U.S. Patent No. 5,830,345 discloses a process for producing a benzene-free gasoline blending material, by the use of a double-function catalyst. The catalyst can be prepared by the ion exchange of a pre-formed and precalcined zeolite material, with platinic ammonium nitrate. The catalyst is calcined at 350 ° C for 3 hours. It has now been found that the operation and alkylation reactions of the solid metal catalyst containing noble metal can be further improved if the calcination steps before and after the incorporation of the hydrogenation component - for example, steps b) and d ) mentioned below, are both driven in a specific temperature window of the catalyst. The present invention therefore relates to a process for the preparation of a catalyst comprising the steps of: a) combining the particles of a solid acid selected from the group consisting of beta zeolite, MCM-22, MCM-36, mordenite , X-zeolites, Y-zeolites, and mixtures thereof, with a binder material to form a catalyst precursor, b) calcining the catalyst precursor at a temperature in the range of 400-575aC, c) impregnating the precursor of the catalyst. calcined catalyst, in a solution of a noble metal compound of group VIII, the solution also comprising NH4 + ions; and d) calcining the impregnated catalyst precursor obtained in step c), in air and / or inert gas, at a temperature in the range of 400 to 500 BC. As illustrated by the following examples, it is important that the temperature during the first and second calcination steps be in the claimed temperature window.

Particles containing the solid acid The particles containing the solid acid generally comprise a solid acid and a matrix material. Examples of suitable solid acids are zeolites such as zeolite beta, MCM-22, MCM-36, mordenite, X-zeolites and Y-zeolites, including HY-zeolites and USY-zeolites, non-zeolitic solid acids, such as silica-alumina , sulphated oxides such as sulfated oxides of zirconium, titanium, or tin, mixed oxides of zirconium, molybdenum, tungsten, phosphorus, etc., and chlorinated aluminum oxides or clays. Preferred solid acids are zeolites, including mordenite, beta zeolite, X-zeolites and Y-zeolites, the latter include H-Y-zeolites and USY-zeolites. Mixtures of solid acids can also be used.

The X- and Y-zeolites can also be exchanged with multivalent cations such as (mixtures of) rare earth ions. An even more preferred solid acid is Y-zeolite with a unit cell size of 24.34-24.72 angstroms, and more preferably is a Y-zeolite with a unit cell size of 24.42-24.56 agstroms. Examples of suitable matrix materials are alumina, silica, titania, zirconium, clay, and mixtures thereof. Matrix materials comprising alumina are generally preferred. Preferably, the particles containing solid acid comprise 2-98% by weight of the solid acid and 98-2% by weight of the matrix material, based on the total weight of the solid acid and the matrix material present in the particles. More preferably, the particles containing solid acid comprise 10-90% by weight of the solid acid, and 90-10% by weight of the matrix material. Even more preferably, the particles containing the solid acid comprise 10-80% by weight of the matrix material and the remainder is solid acid, most preferably, these comprise 10-40% by weight of the matrix material and the remainder is acidic. solid, based on the total weight of the solid acid and the matrix material contained in the particles. The particles containing the solid acid can be prepared by standard methods, for example, mixing a solid acid and a matrix material, and shaping the mixture to form shaped bodies. A preferred forming method is extrusion, but also the agglomeration, the spray drying, and the formation of spheres, for example, by the oil droplet method. Suitable forms of such particles include symmetrical or asymmetric spheres, cylinders, rings and polylobes, for example, tri- and four-lobes.
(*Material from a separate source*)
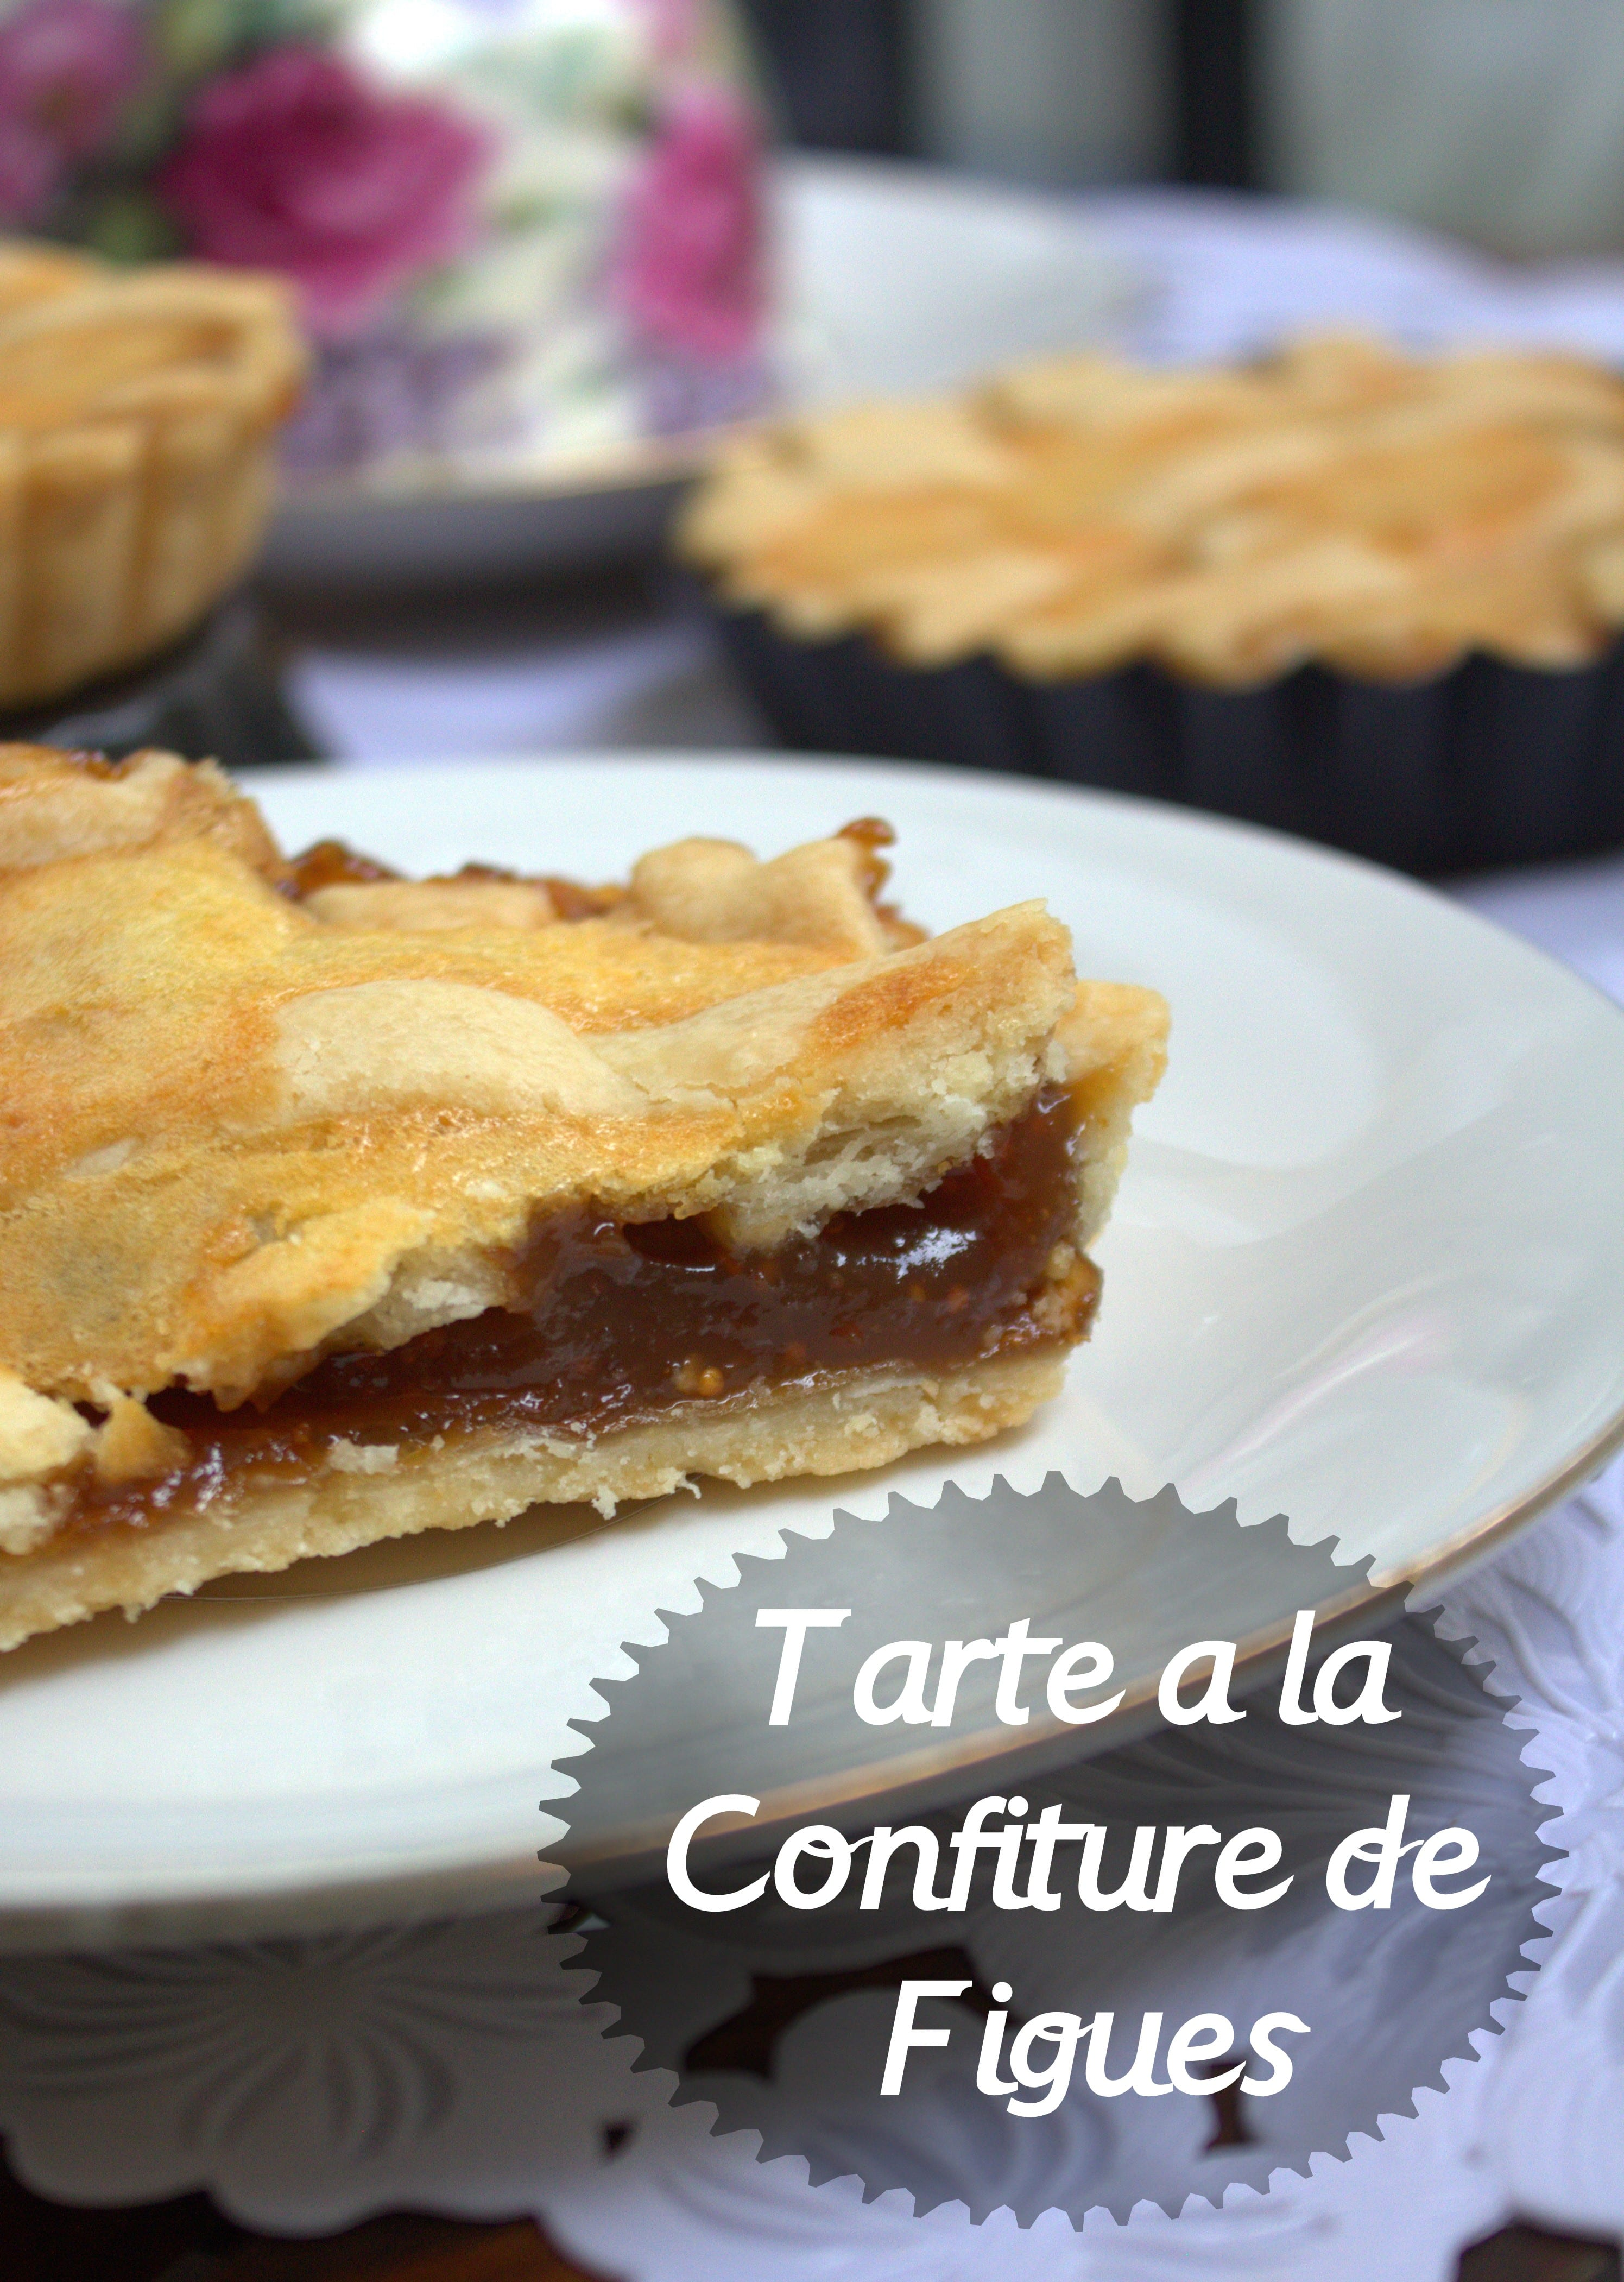 Tarte a la confiture de figues samira tv amour de cuisine for Amour de cuisine

Preferably, the catalyst particles have an average particle diameter of at least 0.5 mm, more preferably at least 0.8 mm, and most preferably at least 1.0 mm. The upper limit of the average particle diameter preferably falls by 10 mm, more preferably by 5.0 mm, still more preferably by 3.0 mm.

Step a) The solid acid particles are combined with a binder material to form a catalyst precursor. Binder materials are well known in the art, and may comprise silica, alumina or silica / alumina. For the preparation of the catalyst of the present invention, alumina is the preferred binder material.

Step b) The catalyst precursor is calcined at a temperature in the range of 400-575 SC, preferably 450-5502C, more preferably 460-5002C. The heating rate is preferably in the range of 0.1 to 100 ° C / minute, more preferably 0.5 ° C to 50 ° C / minute, most preferably 1 to 30 ° C / minute. The calcination is preferably conducted for 0.01-10 hours, more preferably 0.1-5 hours, most preferably 0.3-2 hours. This is preferably conducted in a flow of air and / or inert gas (eg, nitrogen). More preferably, this atmosphere is dry. Preferably, the catalyst precursor is dried before being calcined. This drying is preferably conducted at a temperature of about 110-150 ° C. The calcination must be performed on any equipment, such as a fixed bed reactor, a fluidized bed calciner, and a rotating tube calciner.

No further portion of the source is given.